++++ Data excerpt

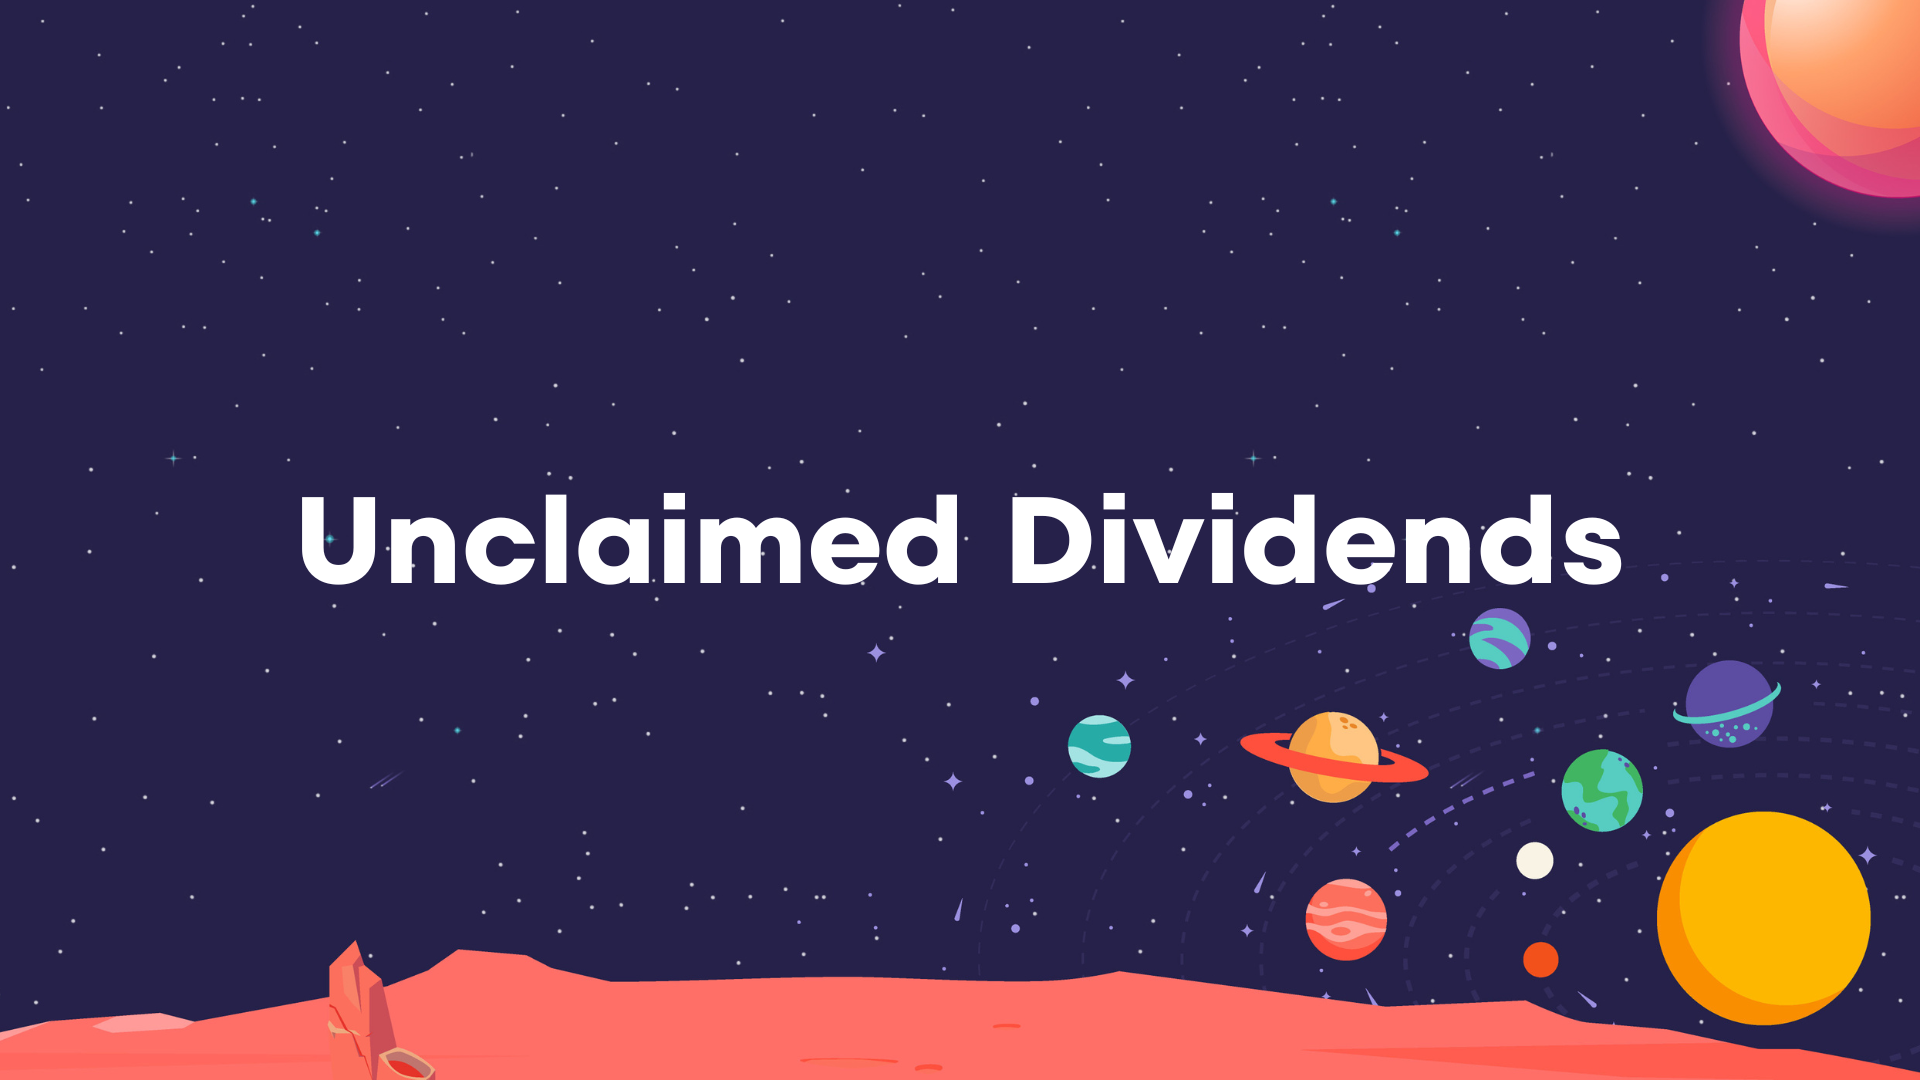 Unclaimed Dividends - What Is It?
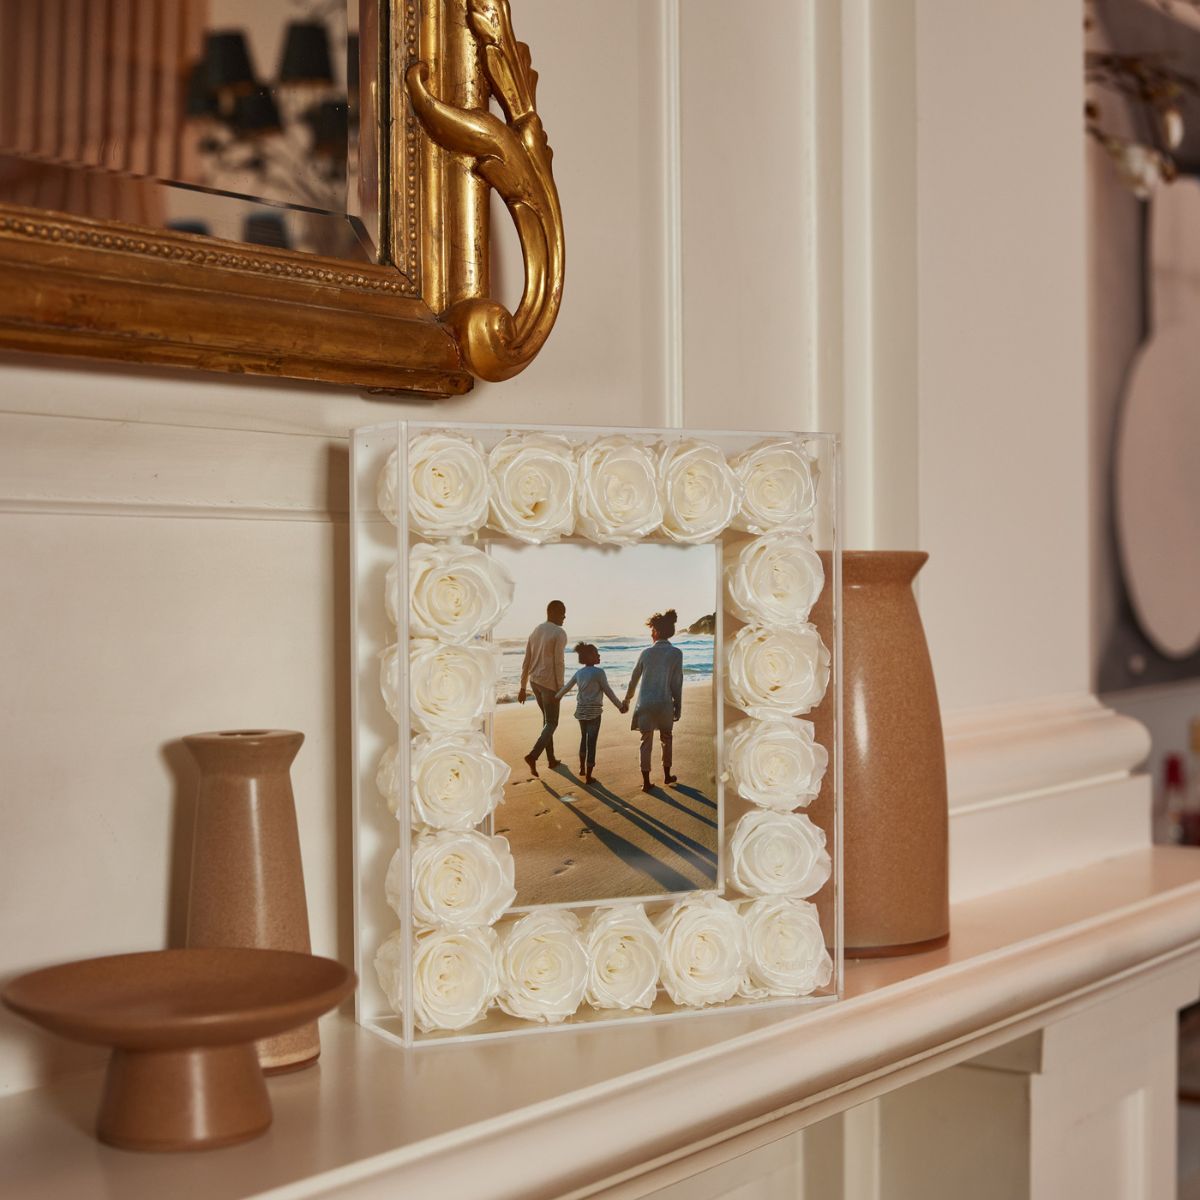 Our Fleur Picture Frame With Luxury Eternity Roses
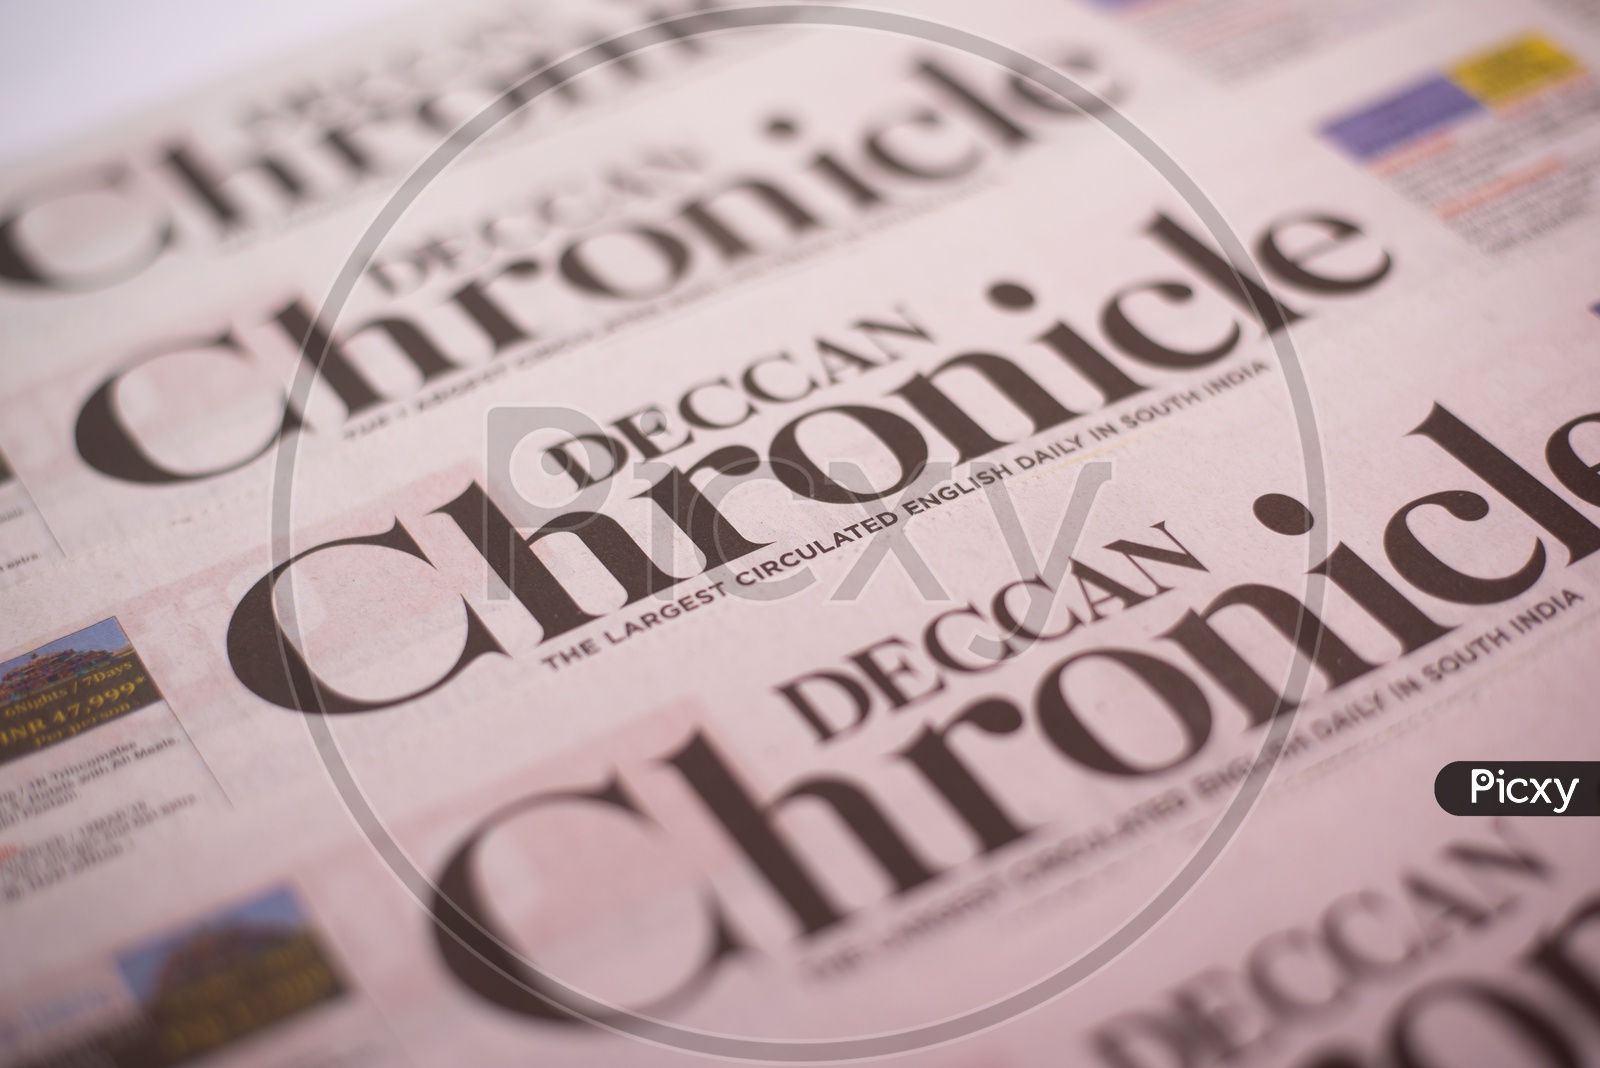 Deccan Chronicle , An English Daily Newspaper in India

++++++++

_Goal of the exercise_
Omitting the pictures, write out the material above exactly as it stands.

_Response box_
 Unclaimed Dividends - What Is It?
 Our Fleur Picture Frame With Luxury Eternity Roses
 Deccan Chronicle , An English Daily Newspaper in India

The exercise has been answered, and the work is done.